Reporteros sin Fronteras: "Sí a la tortura"

Texto estraído de Rebelión. Autor Gennaro Carotenuto
30-08-2007

La noticia choca incluso a los que durante muchos años han denunciado las sospechosas actividades de Reporteros sin Fronteras. El jefe de esta organización, el francés Robert Ménard, durante una transmisión radiofónica en Francia, ha legitimado e incluso reivindicado el uso de la tortura.

El jefe de Reporteros sin Fronteras, una ONG nacida para defender la libertad de prensa y expresión en el mundo, Robert Ménard, en una emisión de France Culture -el audio de la que se puede escuchar en el sitio http://rue89.com/ legitimó el uso de la tortura.

Lo hizo con los argumentos típicos utilizados por los grandes torturadores de la historia, los Videla, los Pinochet: “Si hubiesen tomado de rehén a mi hija, no hubiese habido ningún límite al uso de la tortura”. Con "ningún límite" Ménard entendió realmente ninguno, incluyendo la captura y tortura de familiares inocentes de presuntos terroristas.

Lo que Ménard defiende es lo que en Argelia hicieron cientos de veces los franceses y luego fue repetido miles de veces por las dictaduras (y a veces por las democracias) latinoamericanas que, como se pudo reconstruir, entrenaron a sus torturadores en Estados Unidos, pero a menudo con técnicas estrenadas por los franceses en Argelia e Indochina.

Para ser aún más claro y no dar lugar a malentendidos, Ménard citó el caso de Daniel Pearl, el periodista del Wall Street Journal secuestrado y asesinado en Paquistán.
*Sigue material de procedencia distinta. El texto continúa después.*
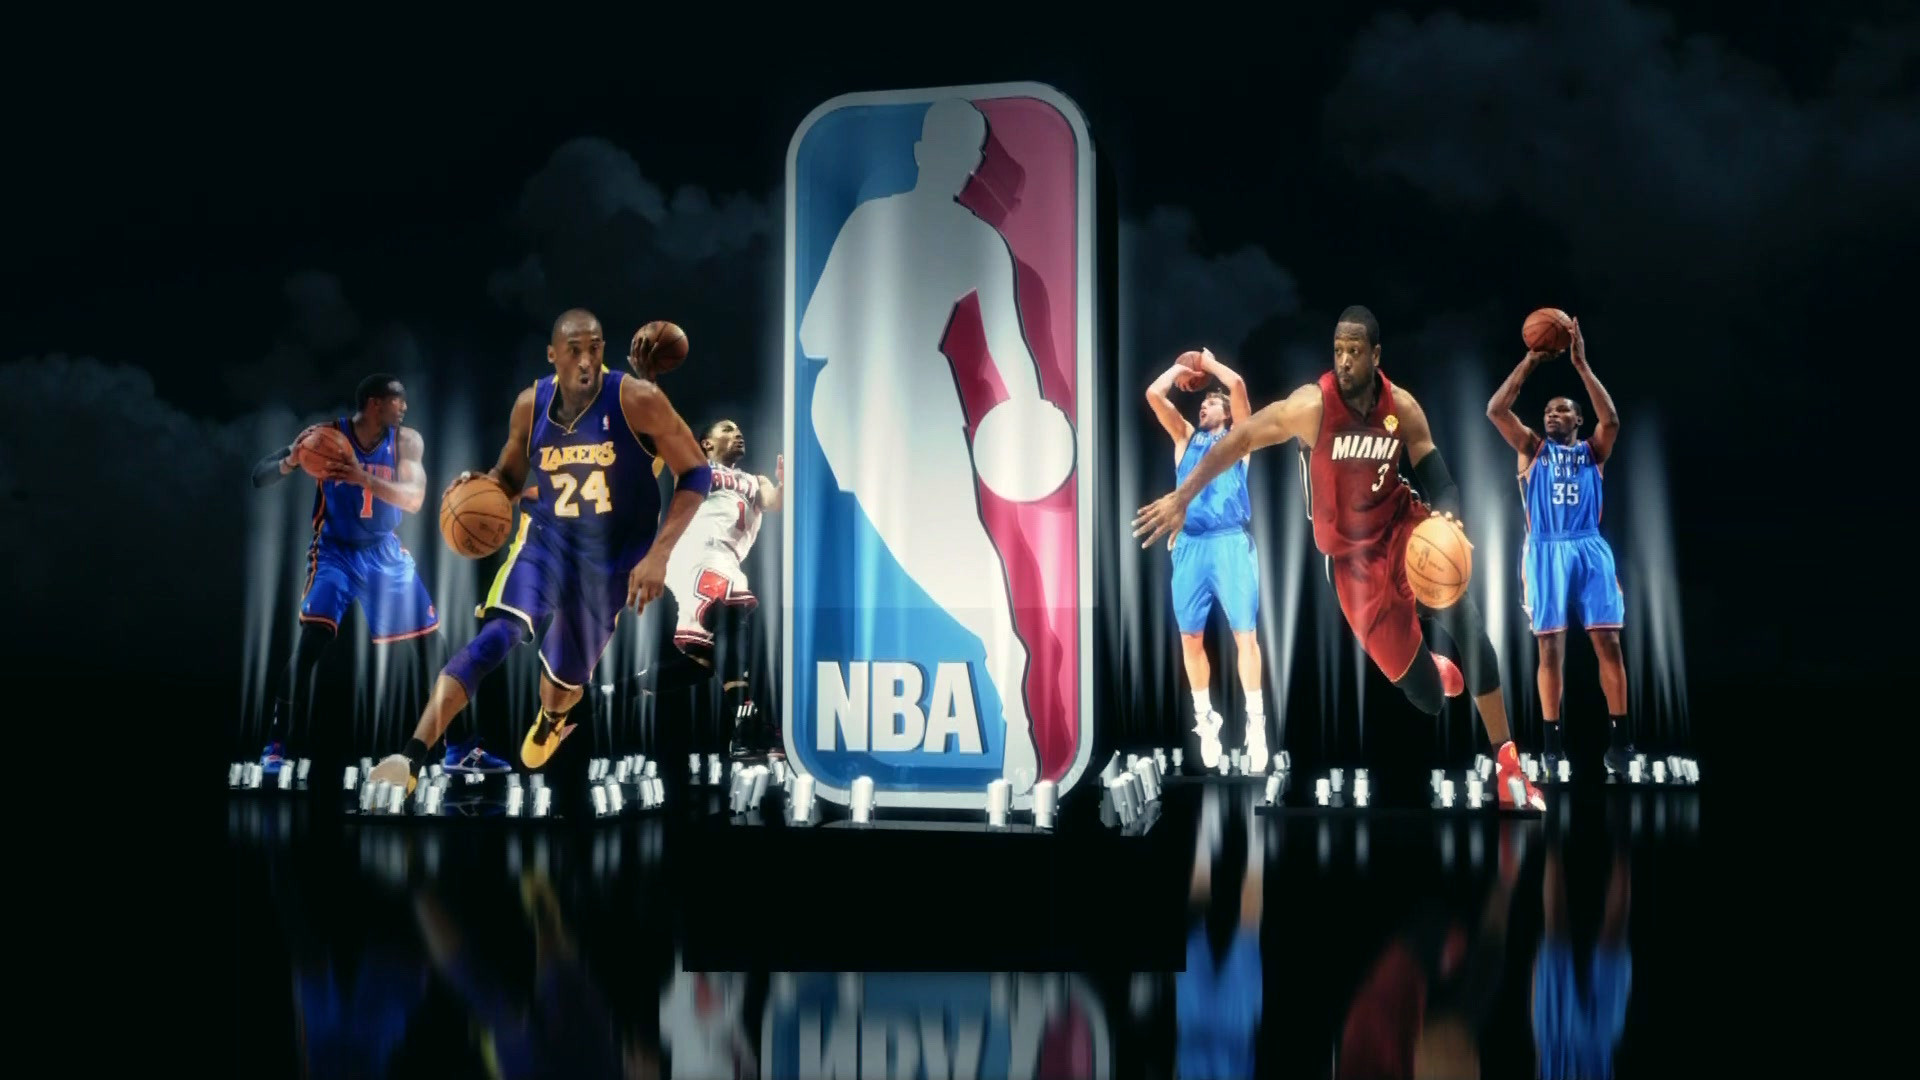 NBA Basketball Wallpaper 2018 (63+ images) Damian Lillard 2013 Wallpaper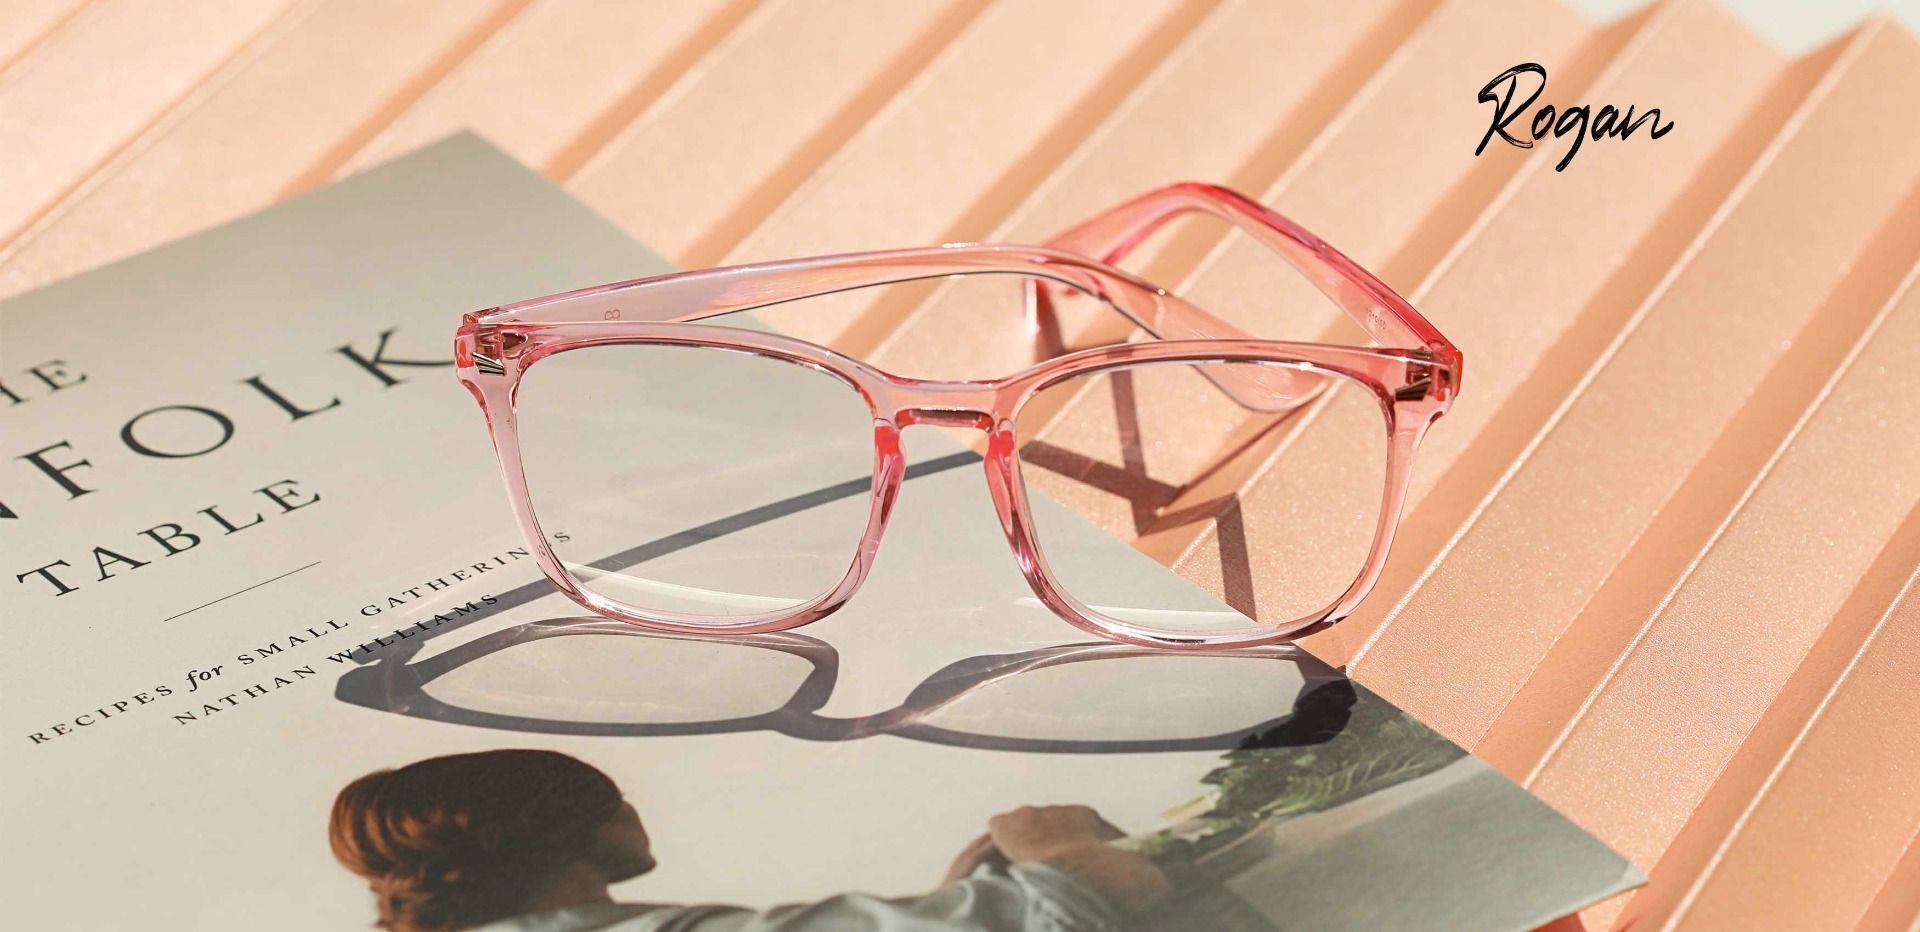 Rogan Square Prescription Glasses - Pink

Para liberarlo, la dictadura amiga de Pervez Musharraf arrestó y torturó a los familiares de los presuntos captores. La conclusión es conocida. Con rara cobardía Ménard, para sustentar su tesis se escondió tras la viuda Pearl que, según él, defendería el uso de la tortura por la policía paquistaní en el vano intento de salvar a su marido.

Y aquí está el quid. Ménard, en su afán por crear una construcción ideológica que defienda Guantánamo y Abu Grahib, está fingiendo olvidarse de que saltar el límite de la tortura lo único que hace es igualar a los torturadores con los presuntos terroristas infrahumanos a quienes combaten. En Guatemala los manuales enseñaban a sacar los ojos a los niños para obligar a hablar a los padres. En Paquistán, como en Abu Grahib, Iraq, justificándose con la nobleza de la causa antiterrorista, usan los mismos manuales. Sin embargo el pobre Pearl fue igualmente asesinado.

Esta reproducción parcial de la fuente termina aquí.